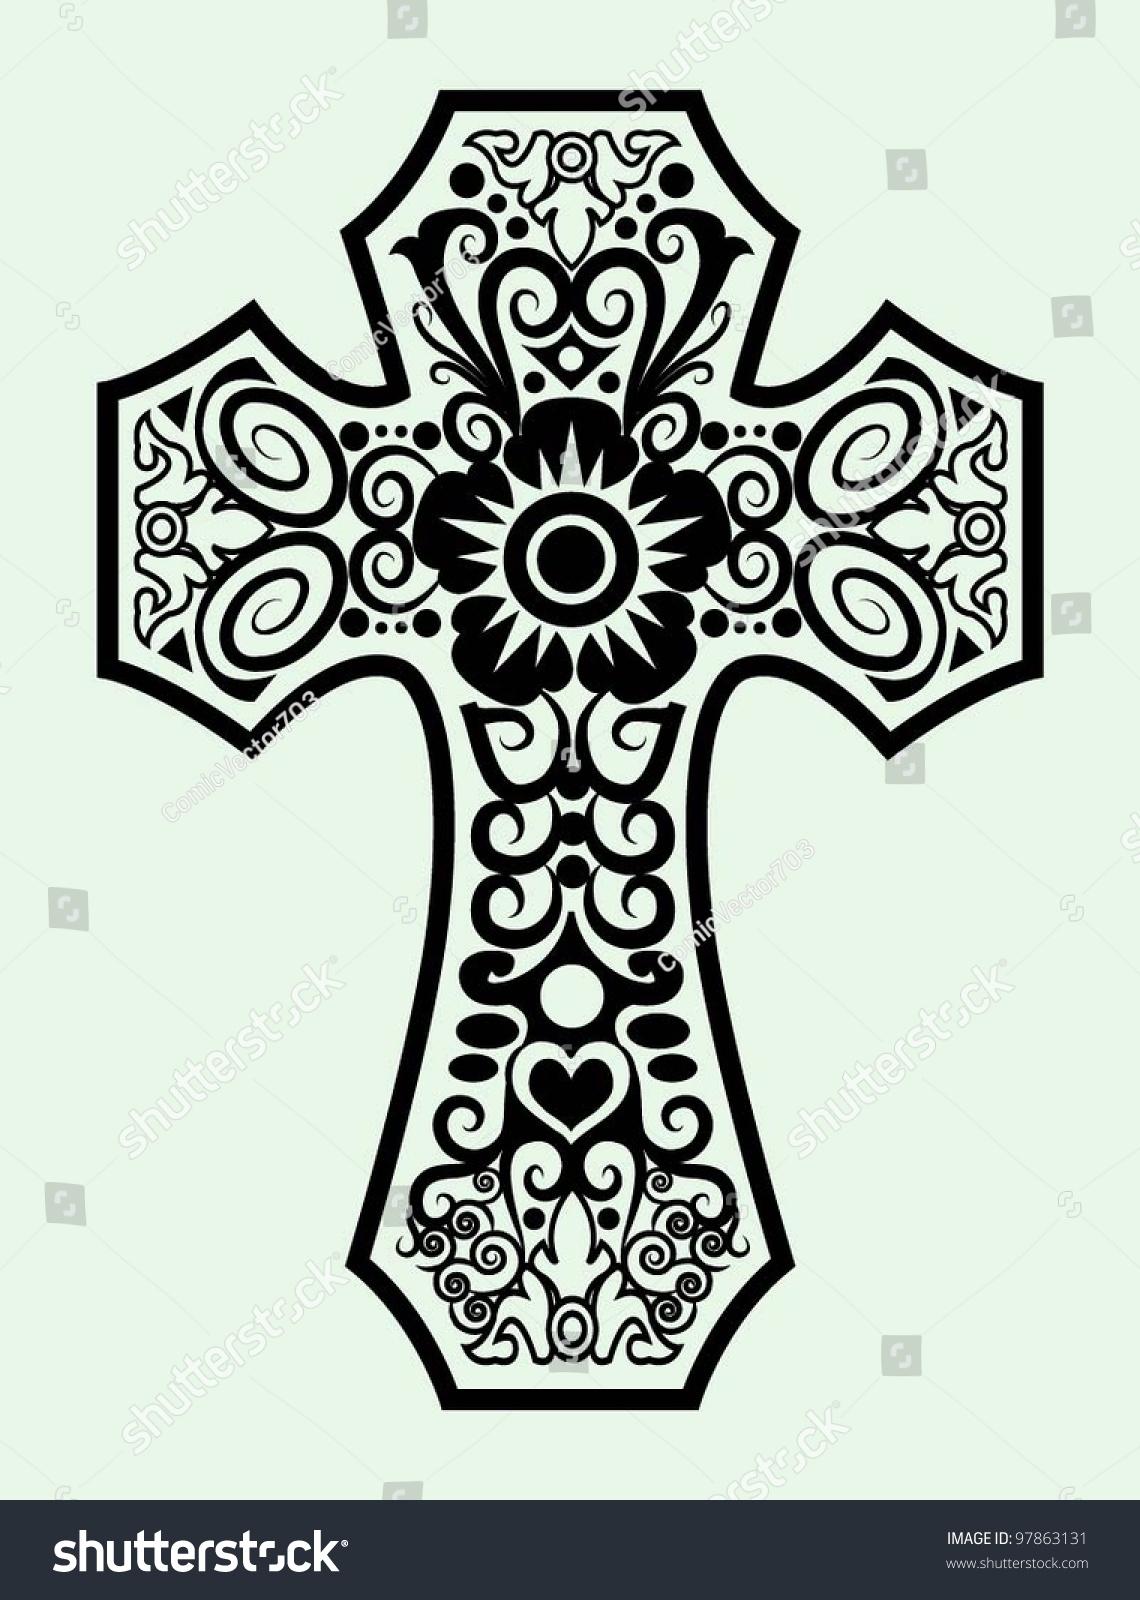 decorative cross ornament ink black and white drawing symbol - Decorative Cross
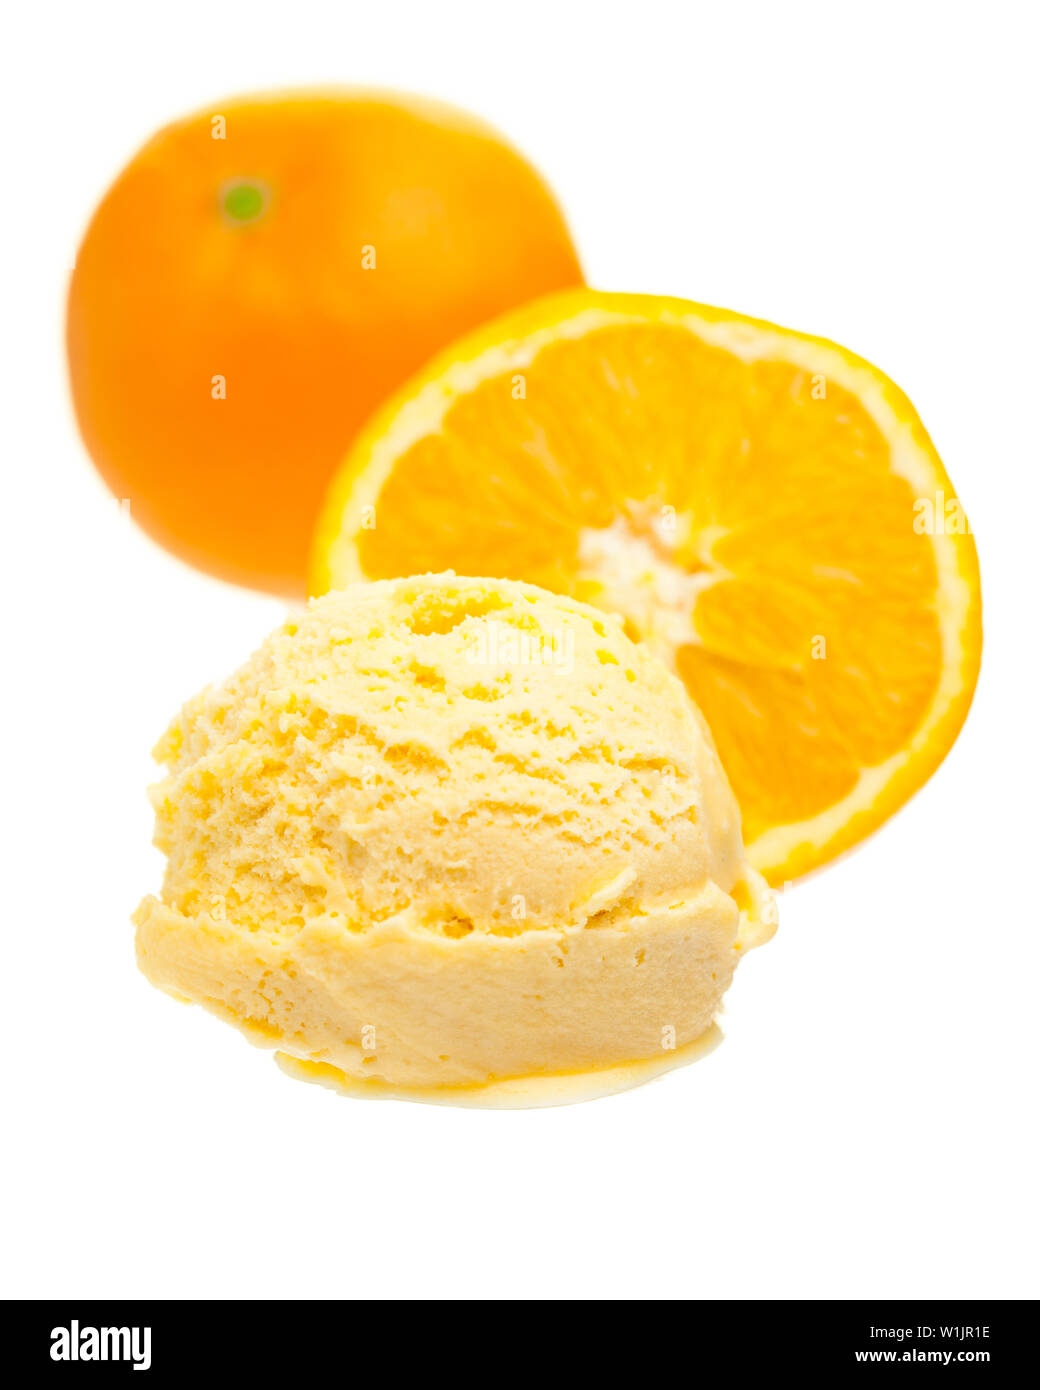 Orange Ice Cream Scoop In Front Of Oranges On White
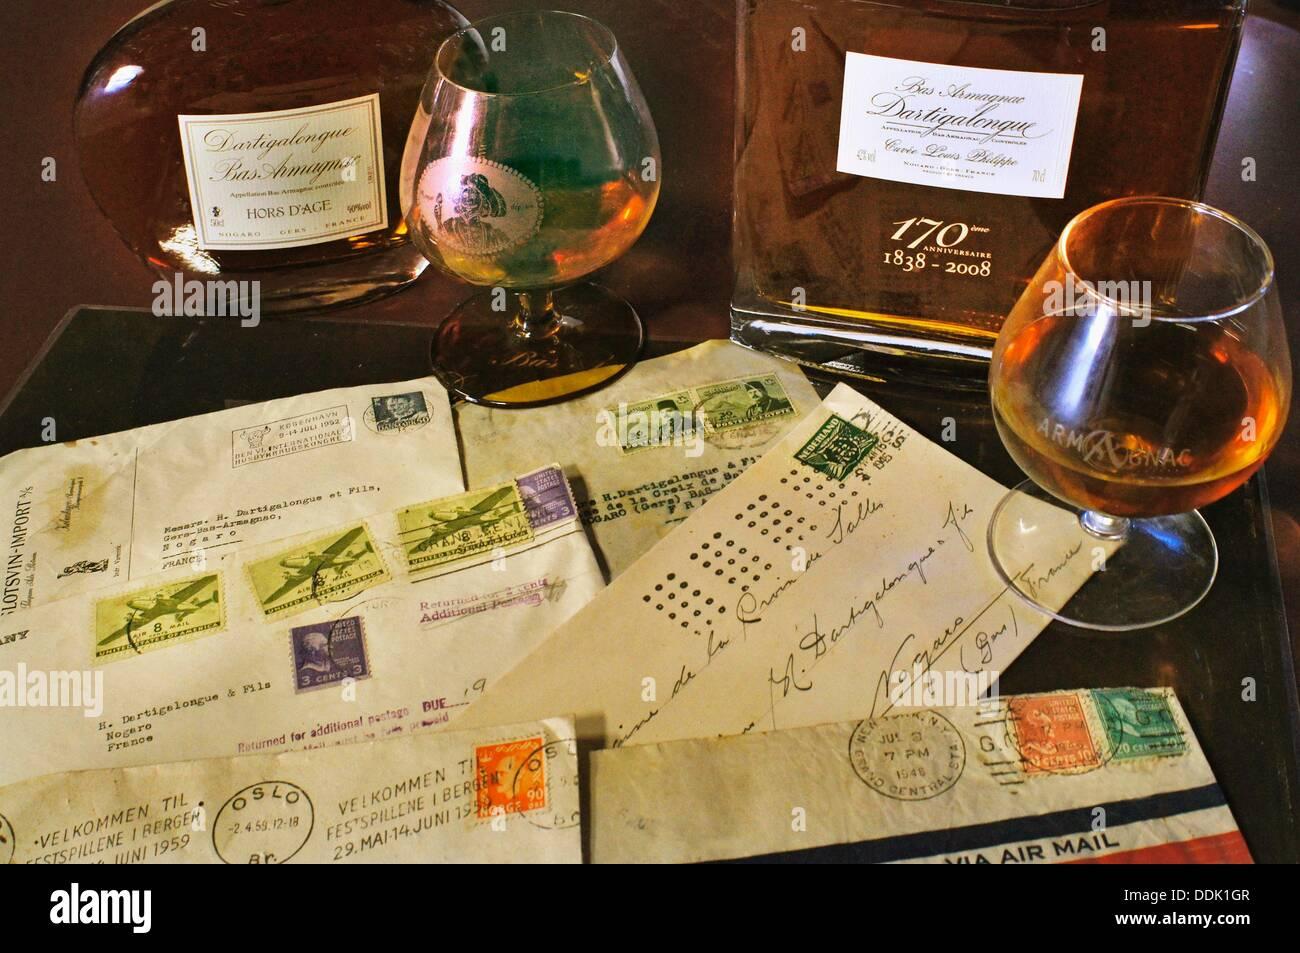 Exporting armagnac to many countries, Armagnac Dartigalongue estate at Nogaro, Gers, Midi-Pyrenees, France - Stock Image
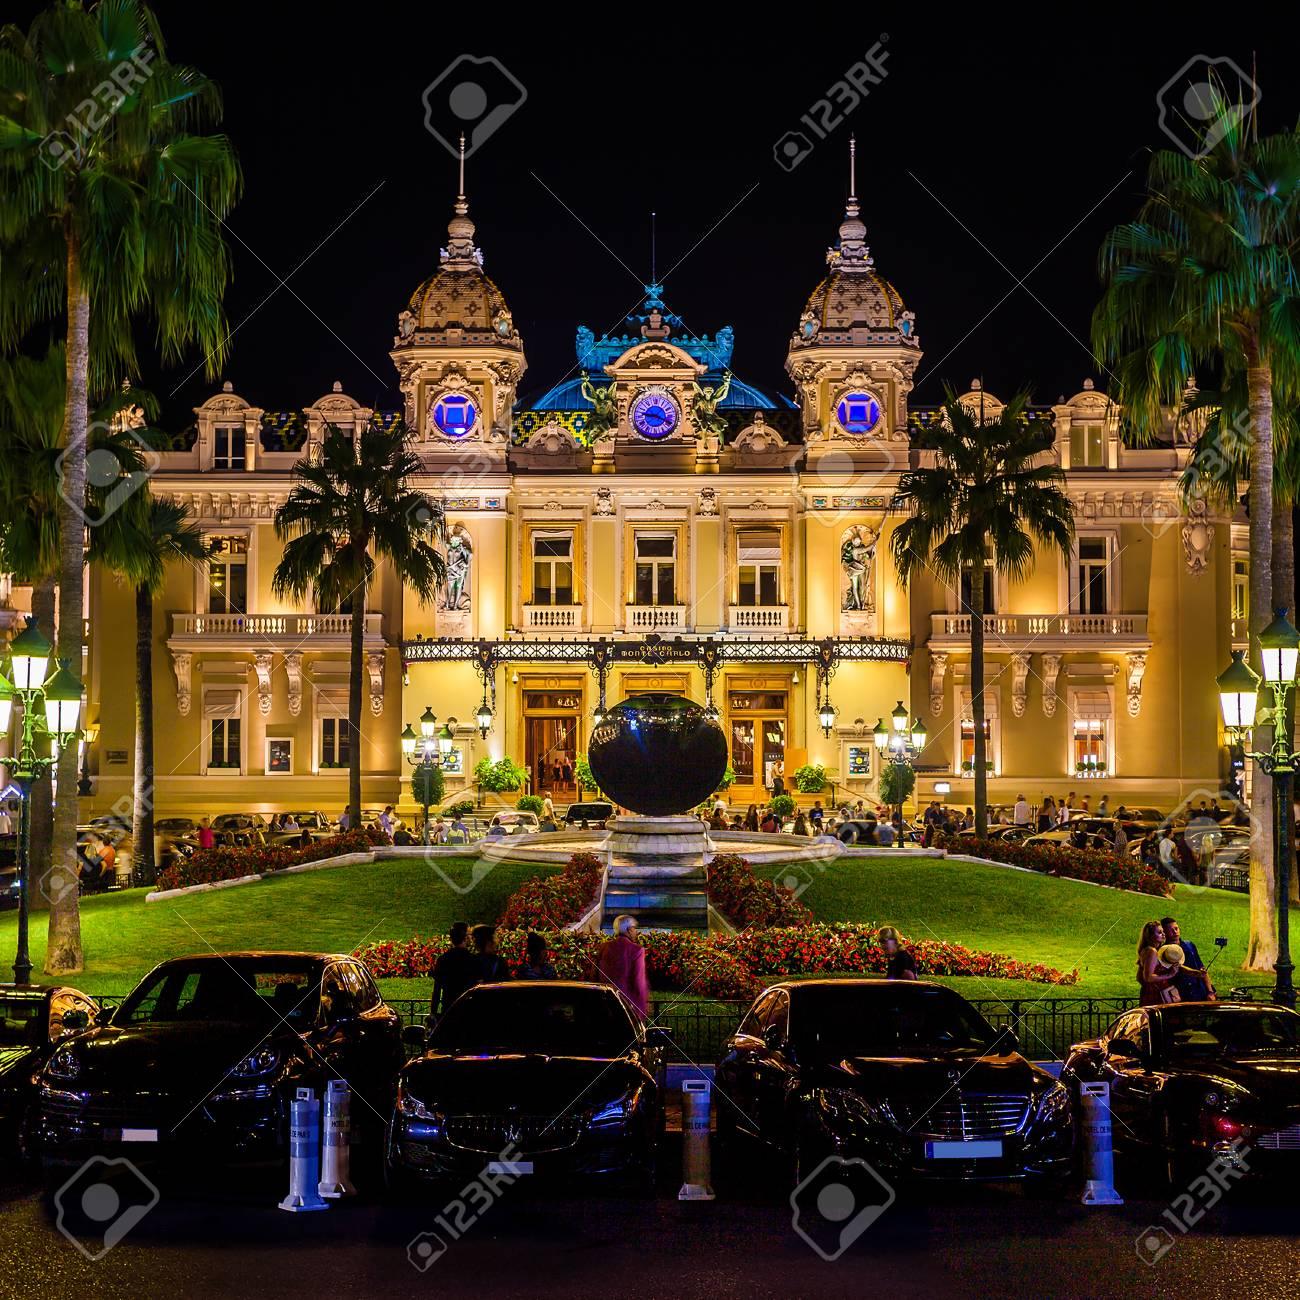 The grand casino monte carlo indigo sky casino pool
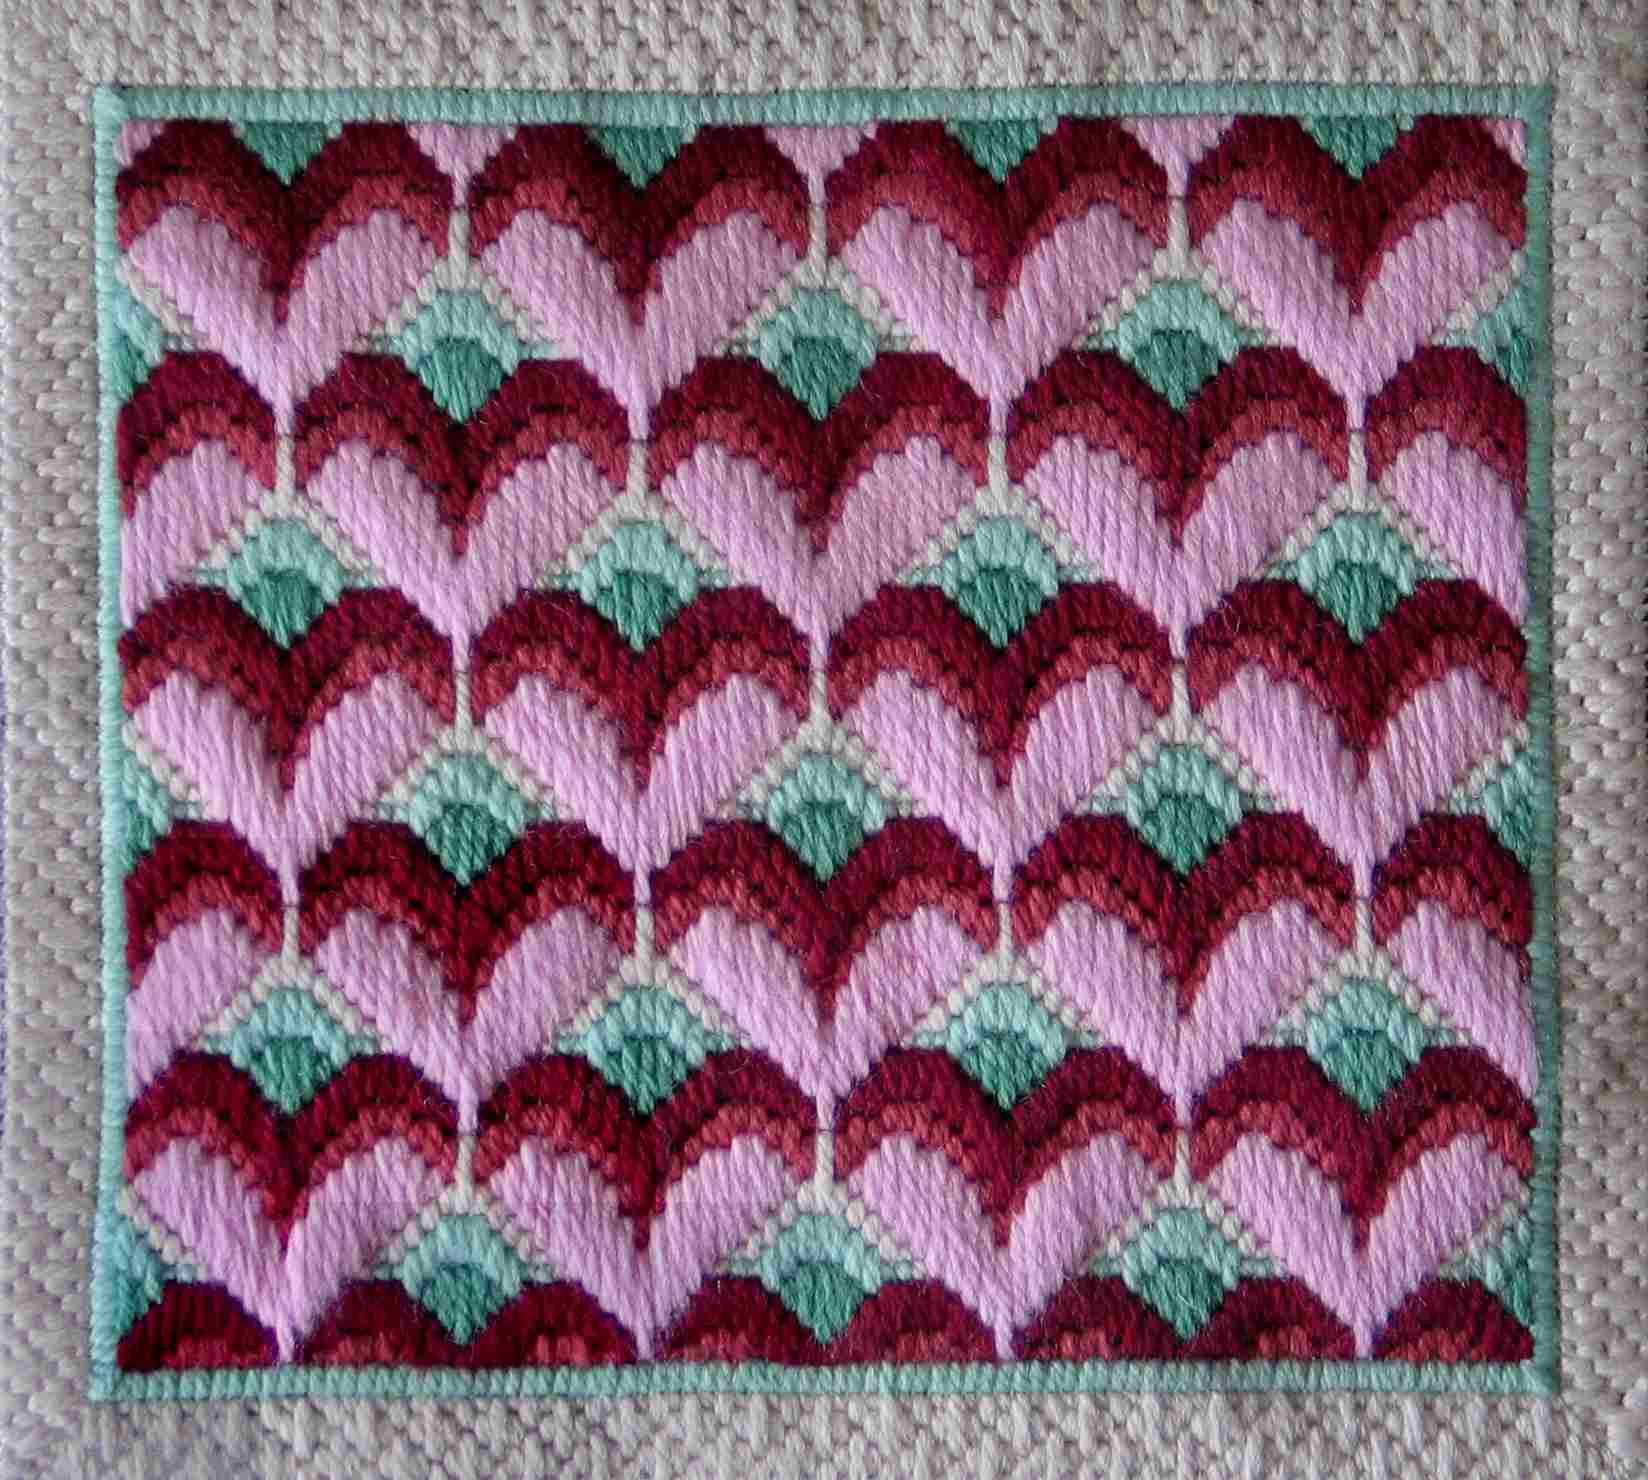 Stitched Bargello Hearts Needlepoint Pattern

════

* _Description of the task_: Without including any picture, reproduce the material above word for word.

* _Reply to the exercise_:
 decorative cross ornament ink black and white drawing symbol - Decorative Cross
 Orange Ice Cream Scoop In Front Of Oranges On White
 Exporting armagnac to many countries, Armagnac Dartigalongue estate at Nogaro, Gers, Midi-Pyrenees, France - Stock Image
 The grand casino monte carlo indigo sky casino pool
 Stitched Bargello Hearts Needlepoint Pattern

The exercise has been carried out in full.